With the new program up and running, the leaders were approached as to whether a nuclear explosion might be put to the task of closing the recalcitrant Well No. 11 at the Urta-Bulak gas fields. The hope was that a nuclear explosion underground, next to the well, could squeeze the hole closed. The plan called for a 30 kiloton nuclear device to be detonated within approximately 25-50 meters of the original well hole. Geological analysis suggested that the well should be pinched off approximately 1500 meters underground. This depth featured sandstone sediments beneath a thick layer of clay above, with the clay considered likely to be non-permeable enough to seal off the well.
To achieve the task, the well’s actual path had to be determined, and it was eventually found to be 50-60 meters to the northeast of its intended vertical path at the 1500 meter depth. With the location of the well now known, a killing well was carefully drilled that would allow the nuclear device to be placed in an appropriately close position.
Huge amounts of equipment were brought on site to handle the task. Radiological and seismic monitors were all on hand for the first-of-its-kind experiment. A command station was established on site to allow the nuclear device to be detonated, specially built for the purpose by the Arzamas nuclear weapons laboratory. The nuclear explosive was carefully lowered into place, and the killing well was then cemented in order to avoid leaving a secondary path for gas to leak to other geological strata underground.
The device was detonated on the morning of September 30, 1966, by which point the well had been leaking gas for a full 2 years and 9 months. A 5 km blast radius was cleared for safety, with all personnel and vehicles removed from this area. The explosion was surprisingly undramatic, with a slight shift seen in the ground and a rumble heard and felt, but little more than that. The gas flare immmediately began to shrink, and extinguished just 23 seconds after detonation.

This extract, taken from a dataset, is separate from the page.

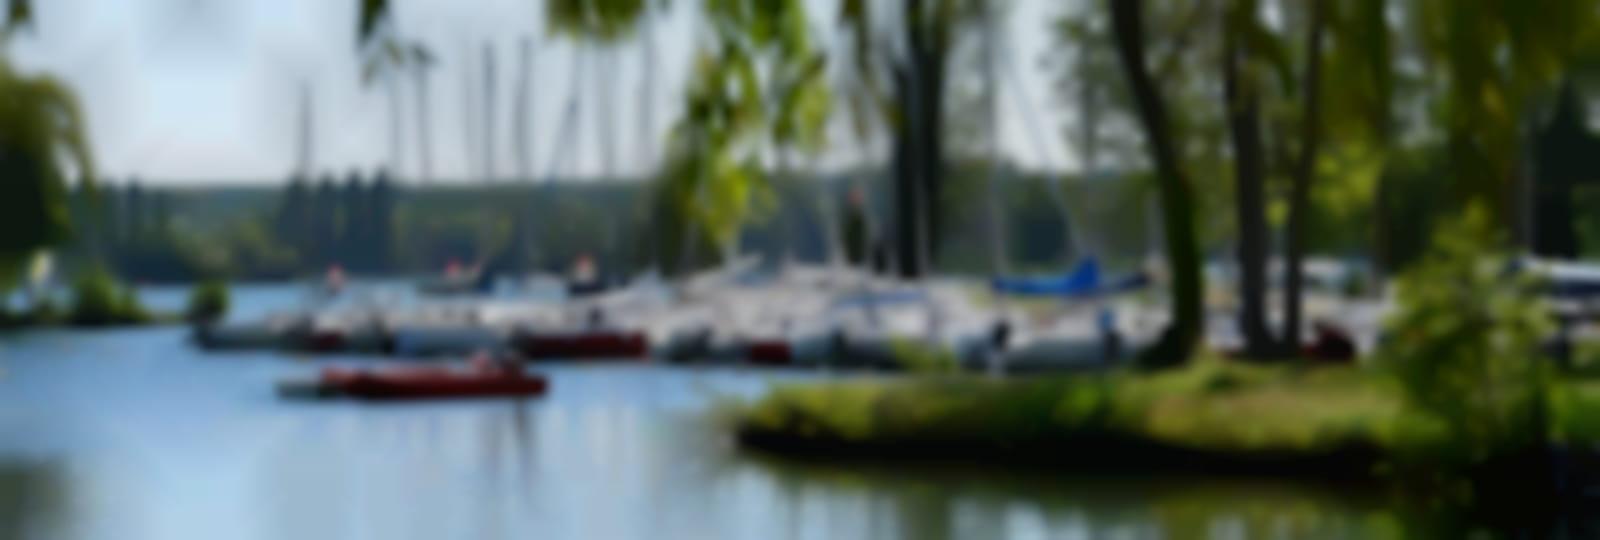 plan-d-eau-Mezieres-Ecluzelles-Mathilde-Lefrancois

Radiological safety planes flew over ground zero shortly after, reporting no major radiation above background and no traces of methane. Radiation at ground level was also detected to be within usual limits. Overall, the experiment had worked, quickly bringing to an end what had been a thus far intractable problem. From there, it was a simple job of sealing up the upper section of the well and putting to rest what had been a long and difficult chapter in the Urta-Bulak gas fields.
Four More Times
Sealing off the well saved billions of cubic meters of gas from being wasted, and the experiment was seen as a great success. As explored in a wide-ranging US government report from 1996, the Soviets went on to use the same concept a total of four more times. Wells at the Pamuk, Mayskii, and Krestishche gas fields were each successfully sealed off with nuclear devices from 1968 to 1972. The last attempt was made in 1981, at a well in the Kumzhinsky gas deposit on Russia’s northern coast. Details are scarce, but the explosion failed to seal the well, potentially due to poor information on the location of the target to be sealed.
Since then, the concept of using nuclear explosions for peaceful ends has largely fallen out of favor. Concerns about radiological contamination, nuclear proliferation, and the potential theft and misdirection of nuclear devices have all been cited as reasons against such use. The Soviet program itself ended after moratoriums on nuclear testing came in to being in the late 80s and early 90s. However, as the Soviets demonstrated ably in the mid-20th century, a nuclear explosion could seal a blown out gas well. On those merits and those merits alone, it did the job!